### WHAT TO WORK ON
Once you reach the line with "Paul&Shark Garment Dyed", copy it and every line after it exactly, up to the end of the data. Omit the pictures.

### AVAILABLE DATA
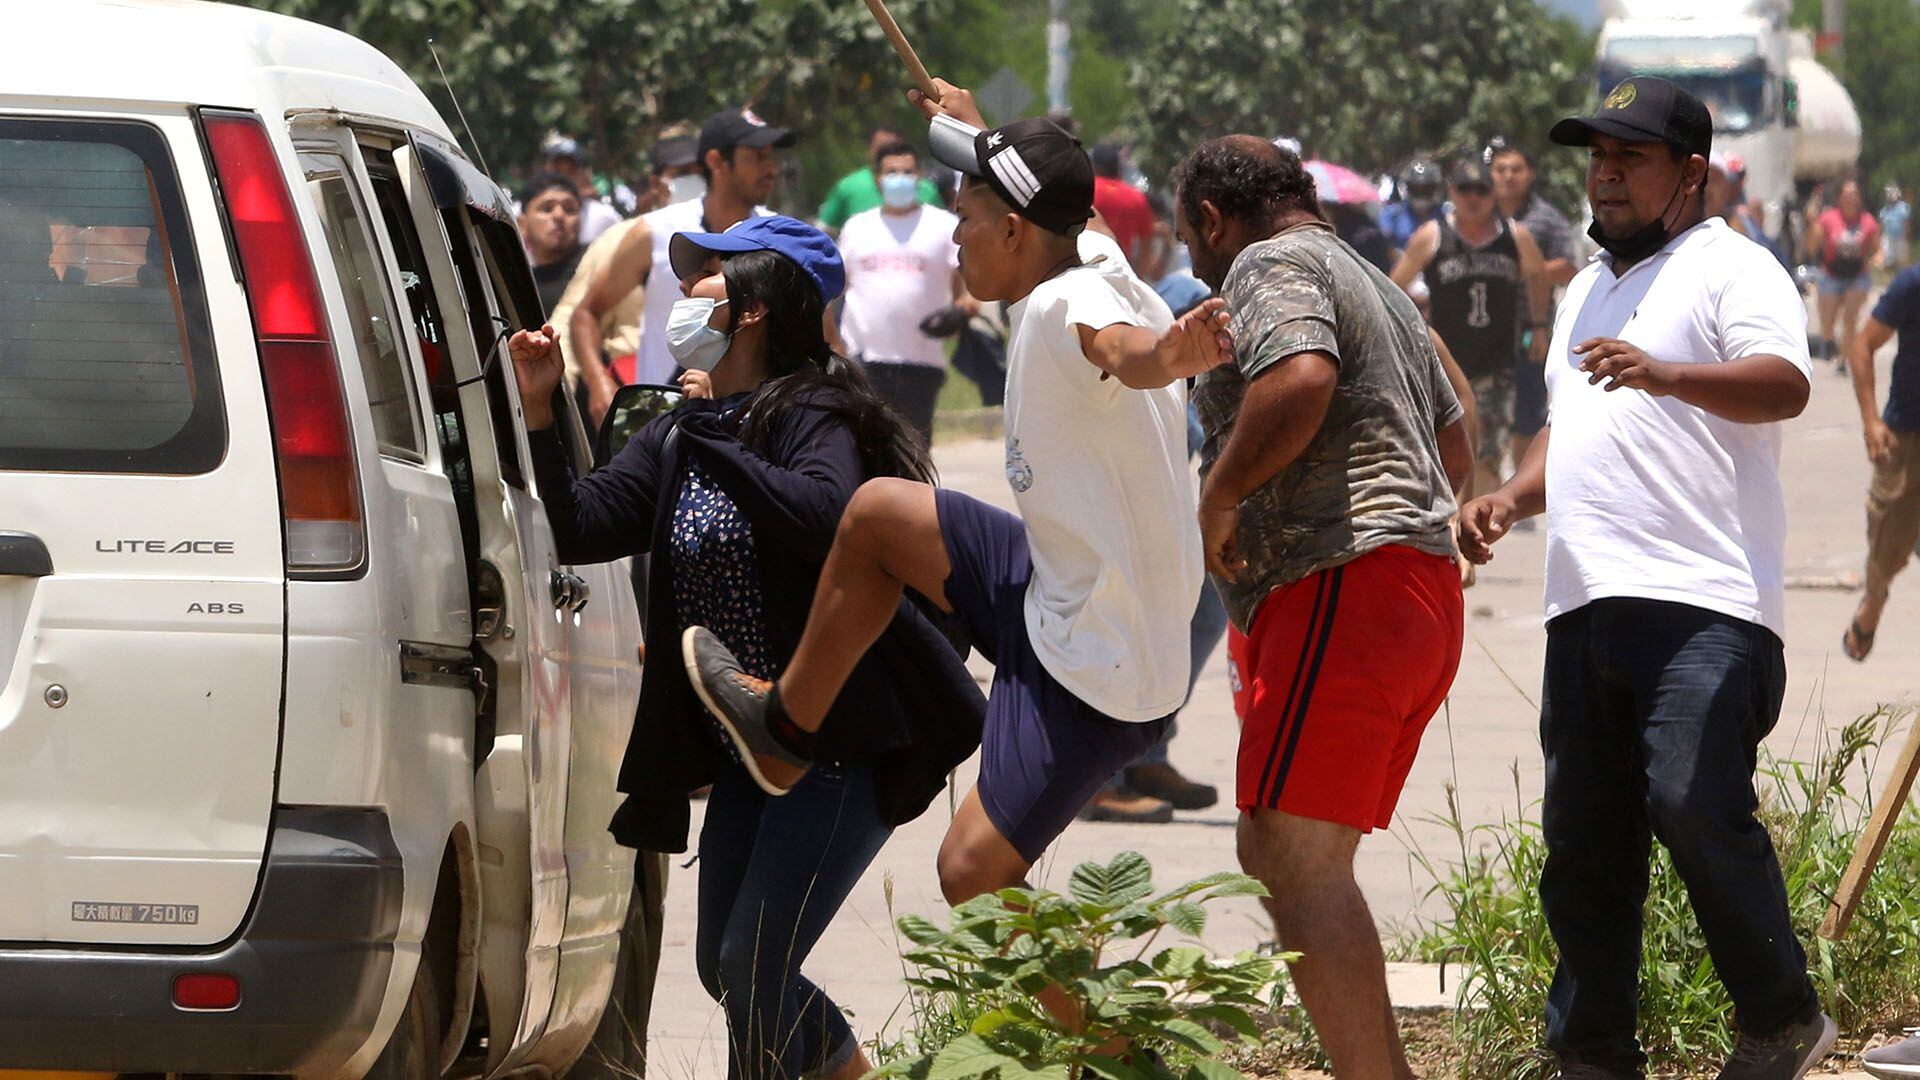 Opositores criticaron que solamente hubiera detenciones de personas que protestan contra la ley y no así de los grupos oficialistas que intentan romper la huelga con violencia, como se muestra en la foto (EFE)

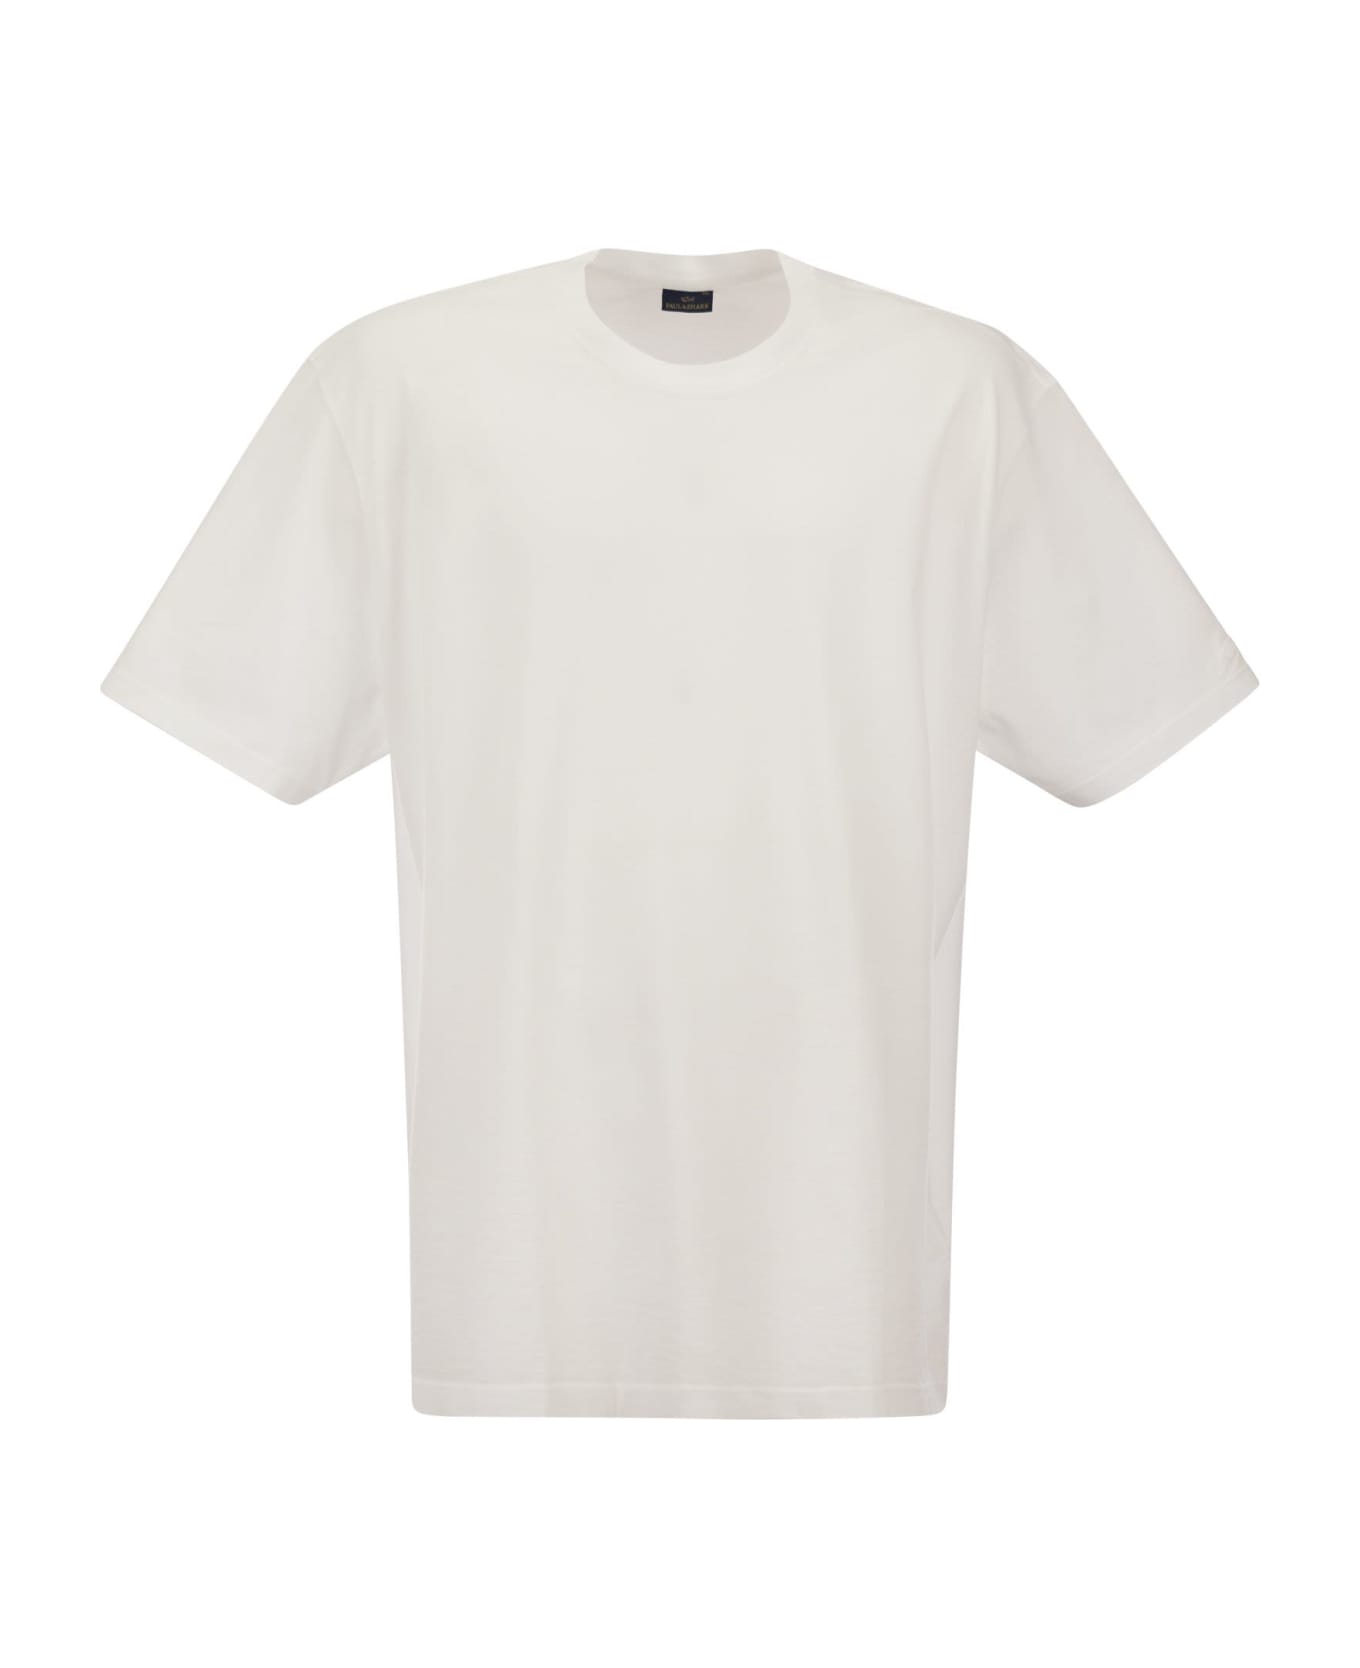 Paul&Shark Garment Dyed Cotton Jersey T-shirt シャツ
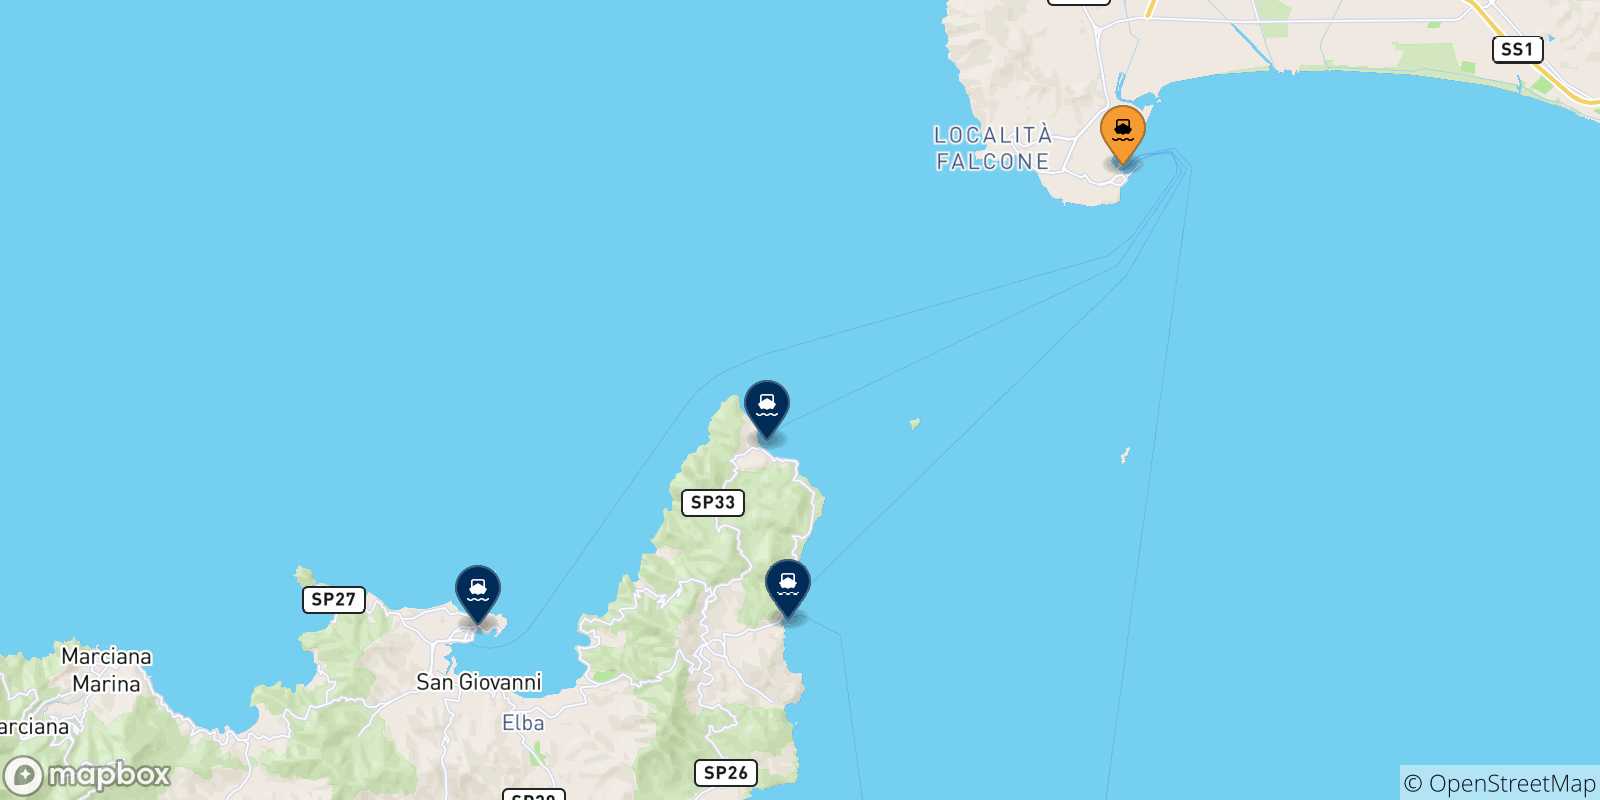 Mappa delle possibili rotte tra Piombino e l'Isola D'elba

### SOLUTION TO THE EXERCISE
 Paul&Shark Garment Dyed Cotton Jersey T-shirt シャツ
 Mappa delle possibili rotte tra Piombino e l'Isola D'elba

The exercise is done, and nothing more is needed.